● Work instructions: Every picture stays out; everything else in the listing below is to be returned exactly.

● Information provided:
• • •

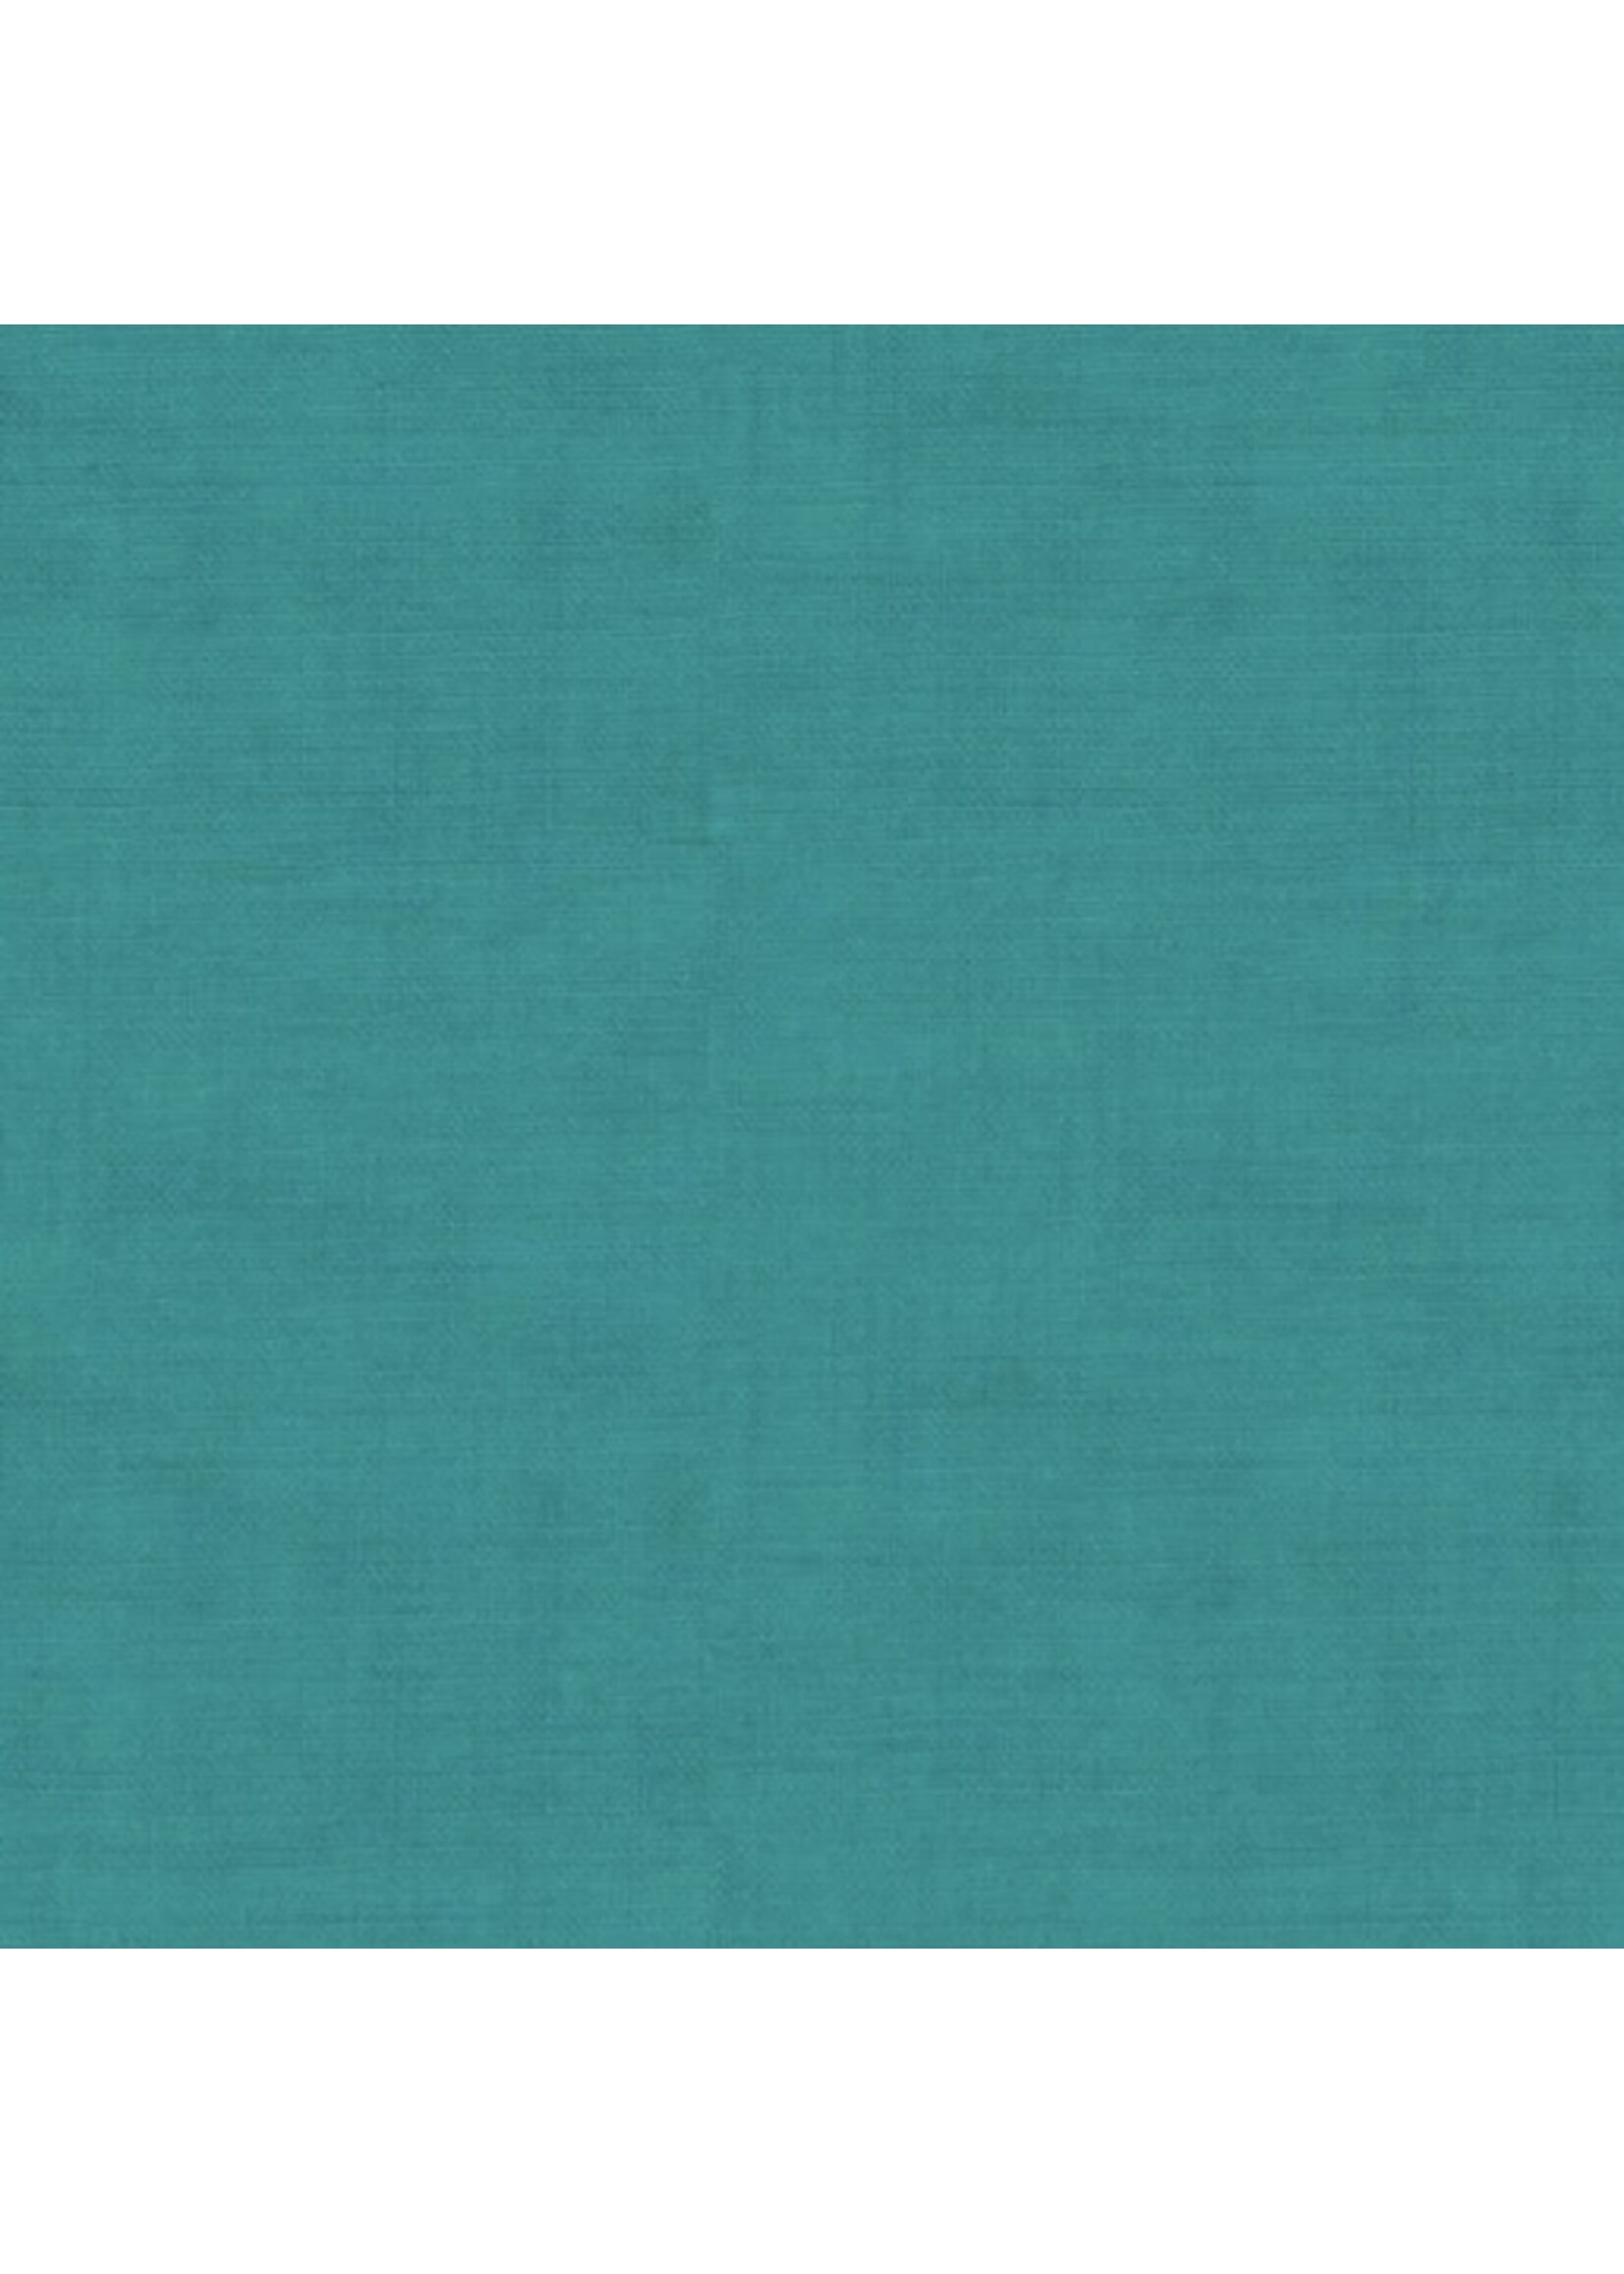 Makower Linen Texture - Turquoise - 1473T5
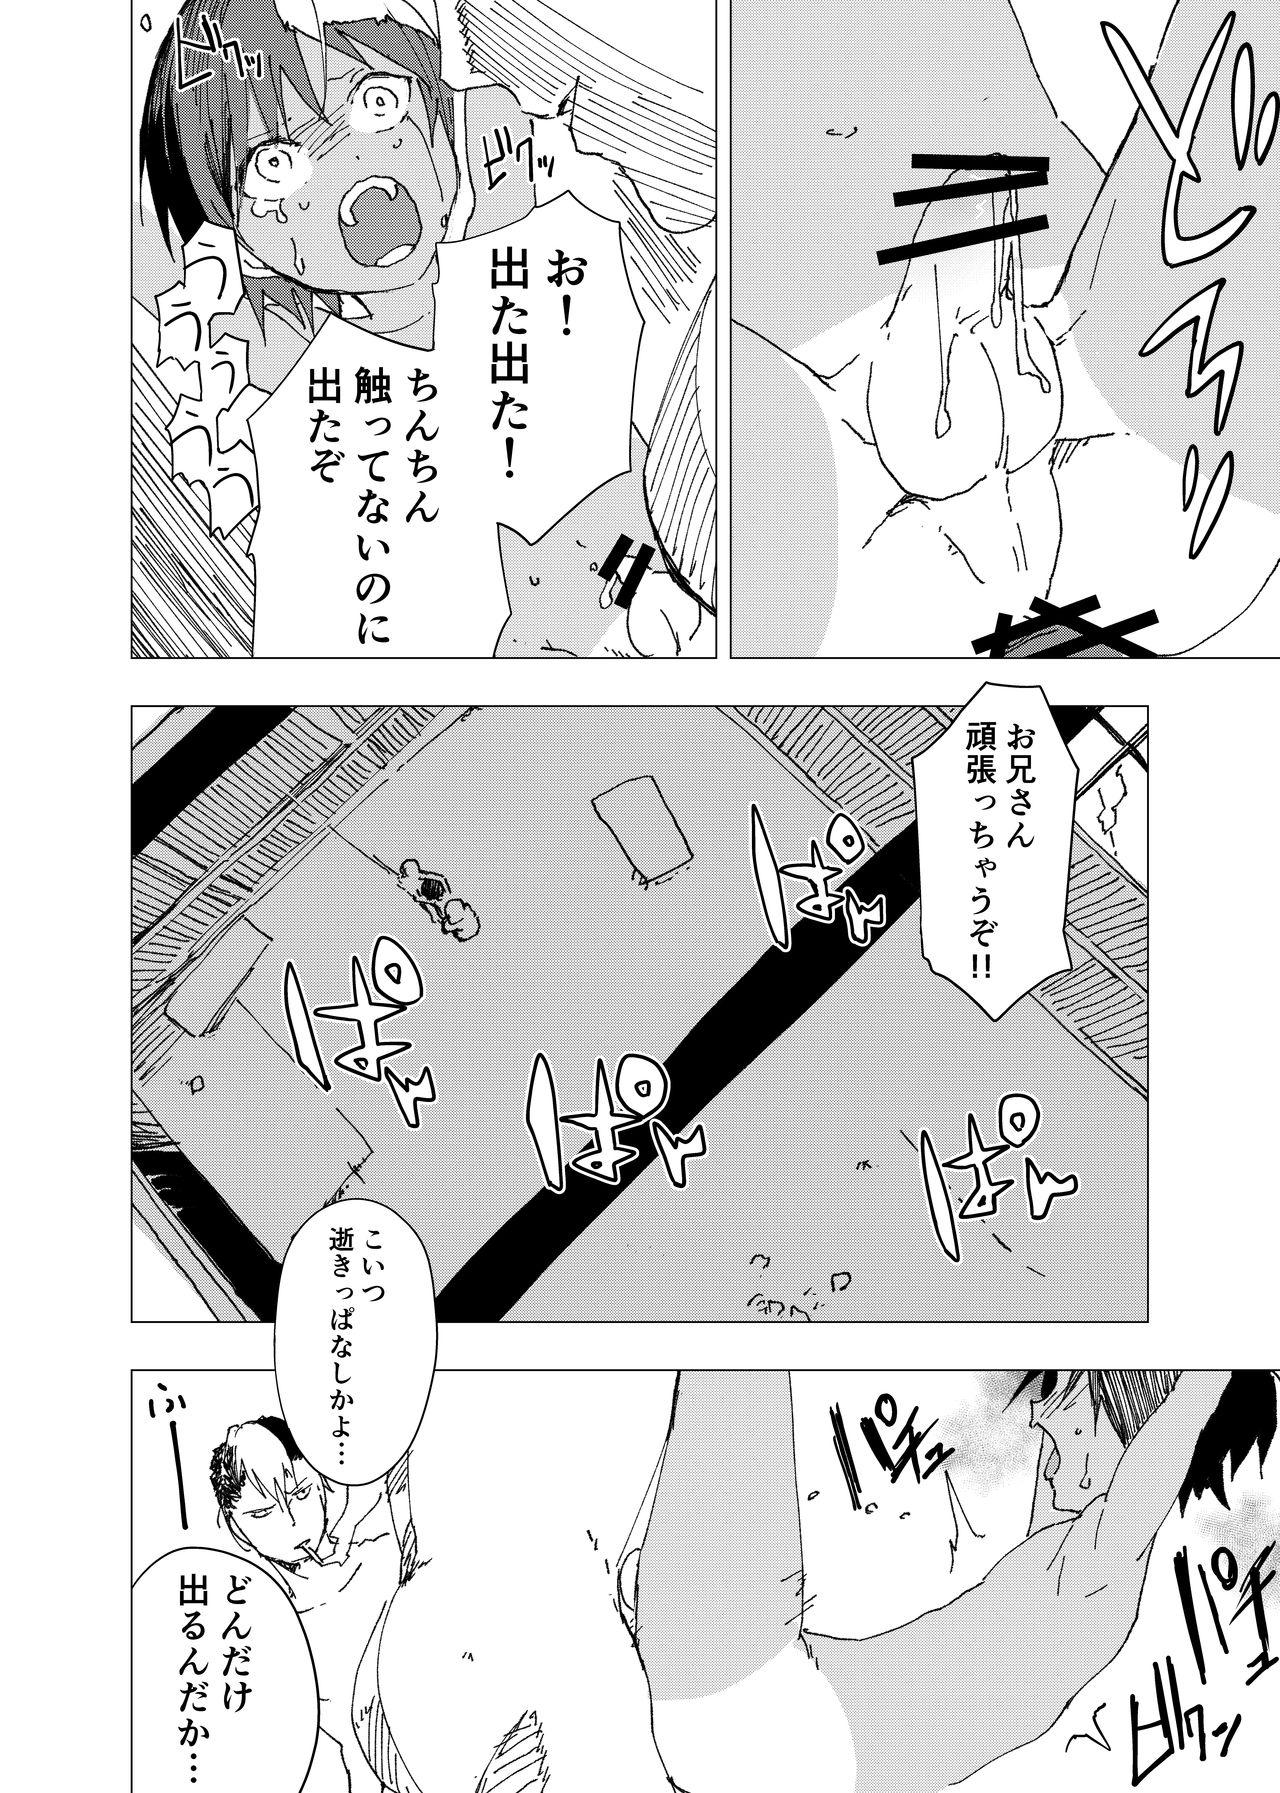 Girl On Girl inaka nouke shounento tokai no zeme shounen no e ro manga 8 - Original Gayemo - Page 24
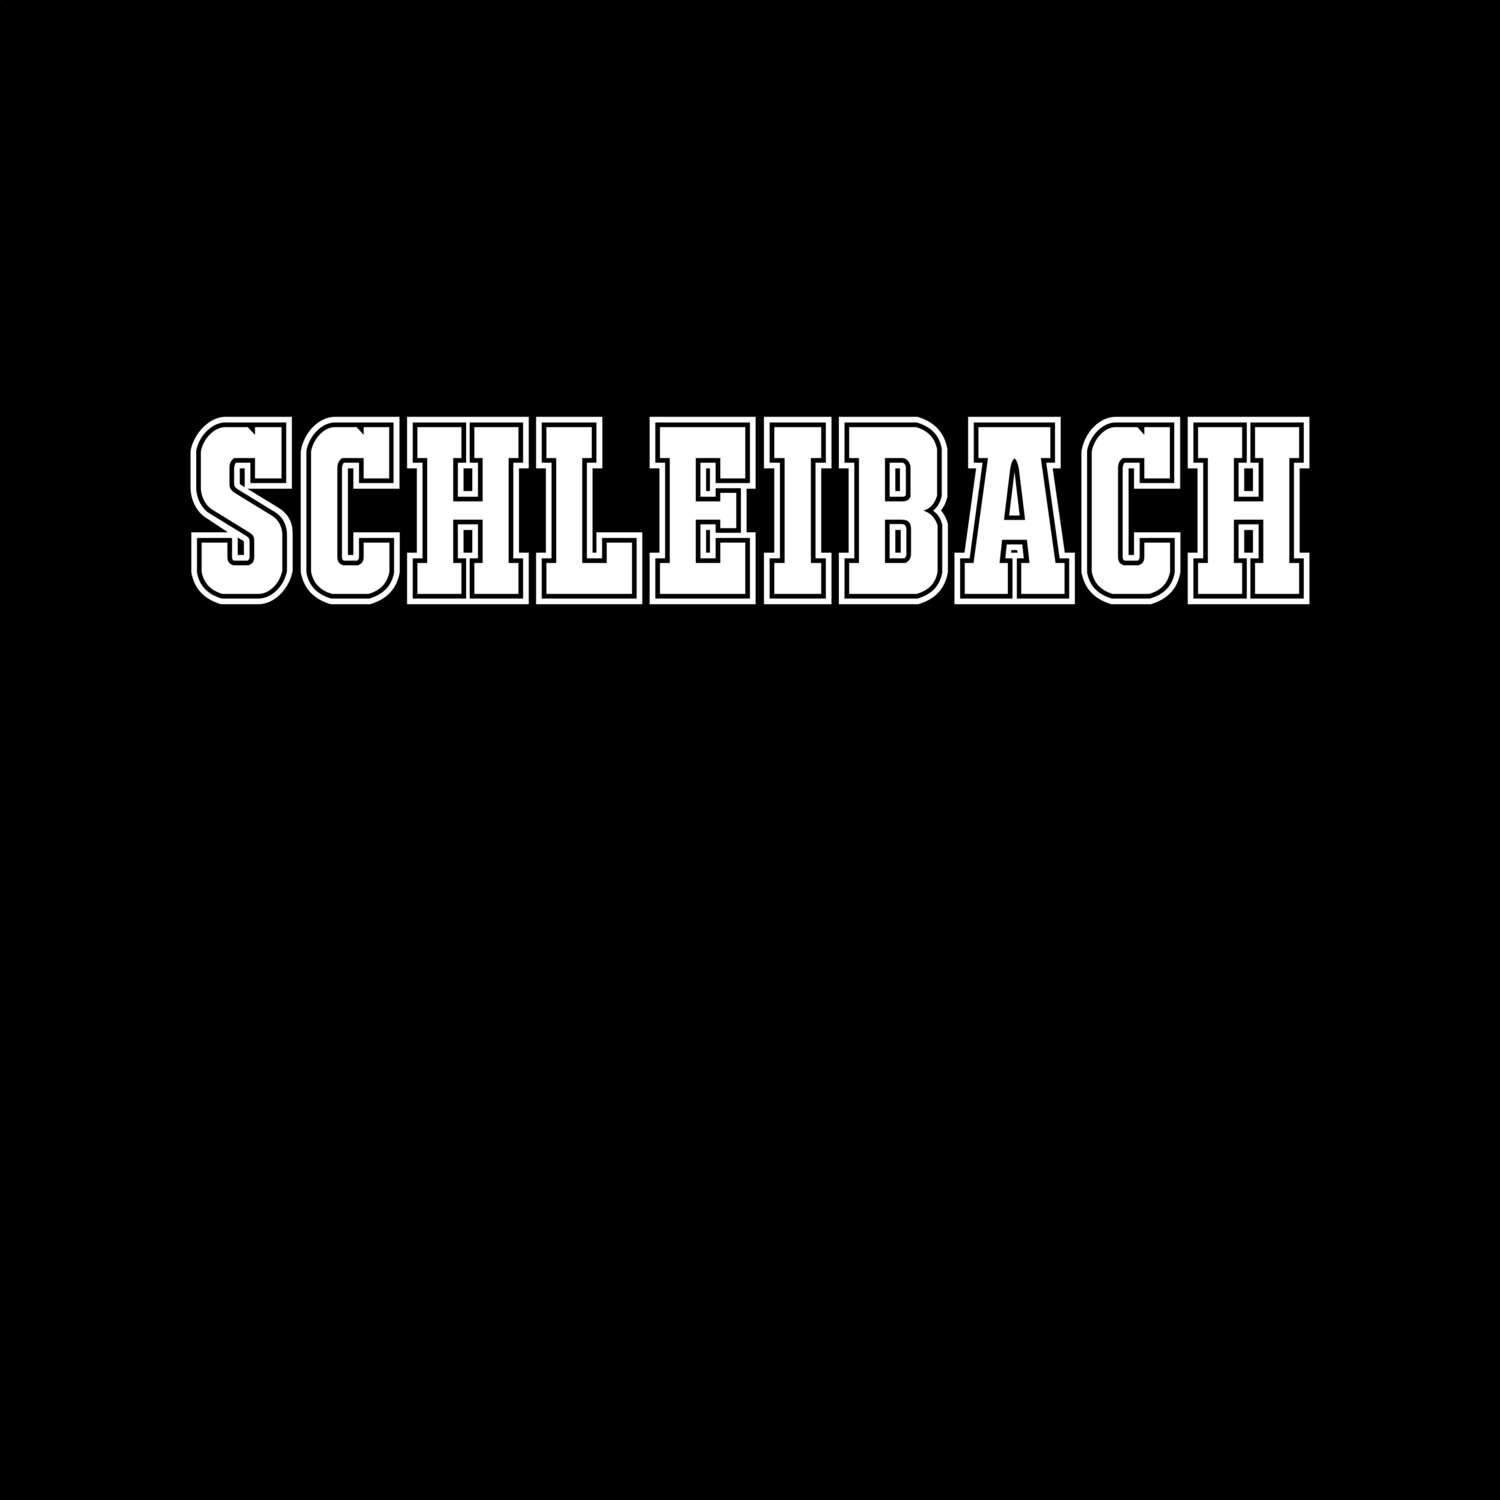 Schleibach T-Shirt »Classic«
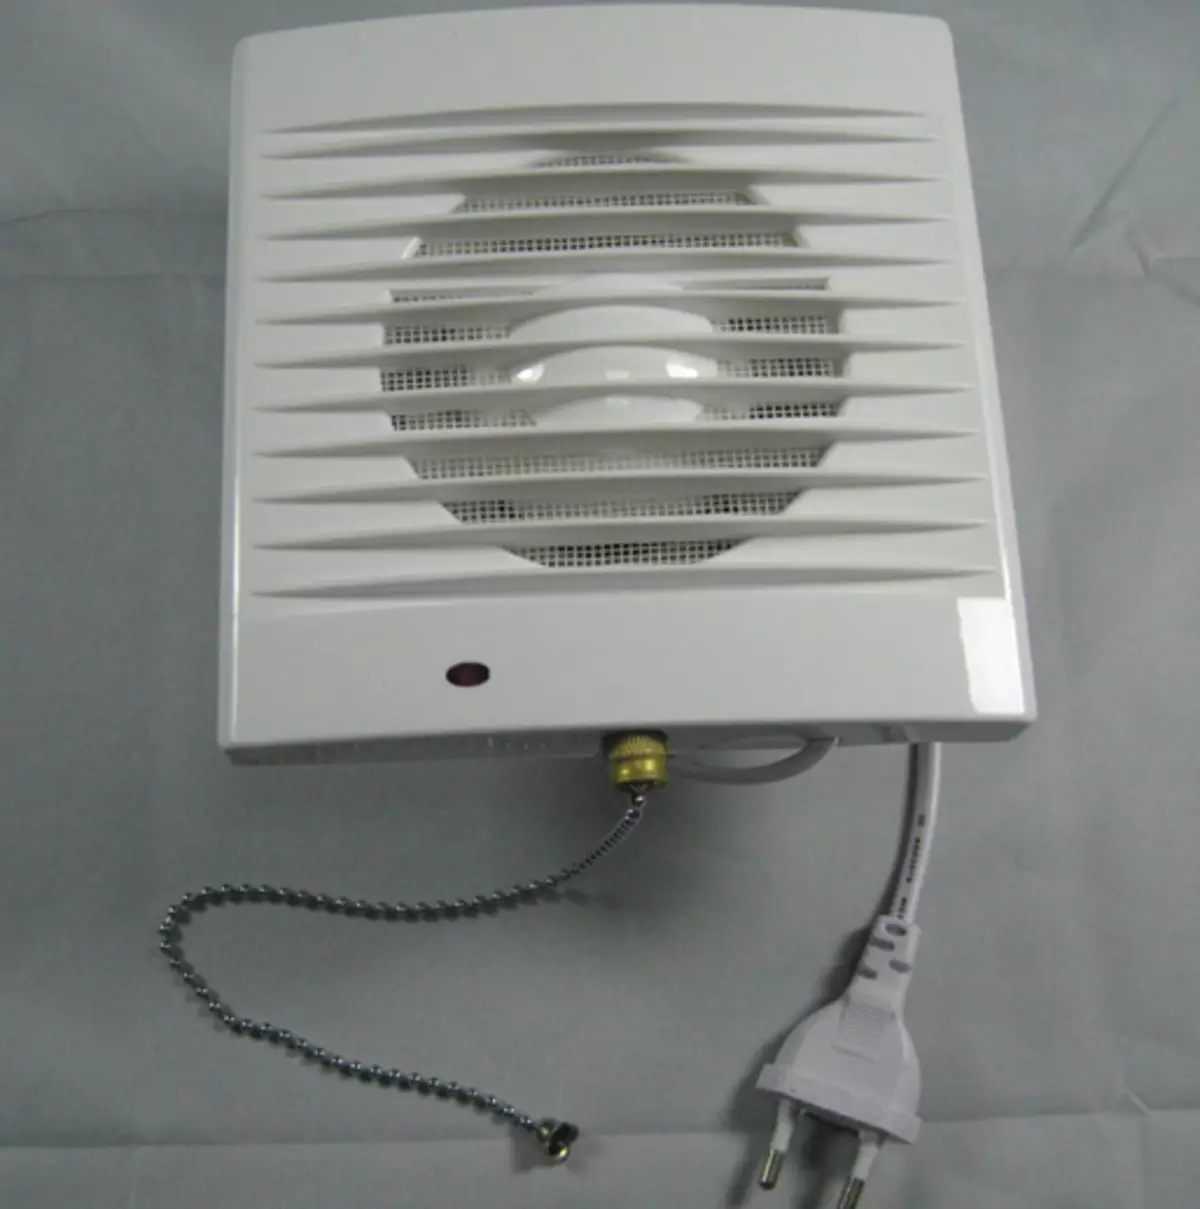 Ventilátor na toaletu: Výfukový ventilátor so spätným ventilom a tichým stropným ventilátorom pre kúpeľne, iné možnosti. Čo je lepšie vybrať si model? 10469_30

• • •

● Reply to the exercise:
 Makower Linen Texture - Turquoise - 1473T5
 Girl On Girl inaka nouke shounento tokai no zeme shounen no e ro manga 8 - Original Gayemo - Page 24
 Schleibach T-Shirt »Classic«
 Ventilátor na toaletu: Výfukový ventilátor so spätným ventilom a tichým stropným ventilátorom pre kúpeľne, iné možnosti. Čo je lepšie vybrať si model? 10469_30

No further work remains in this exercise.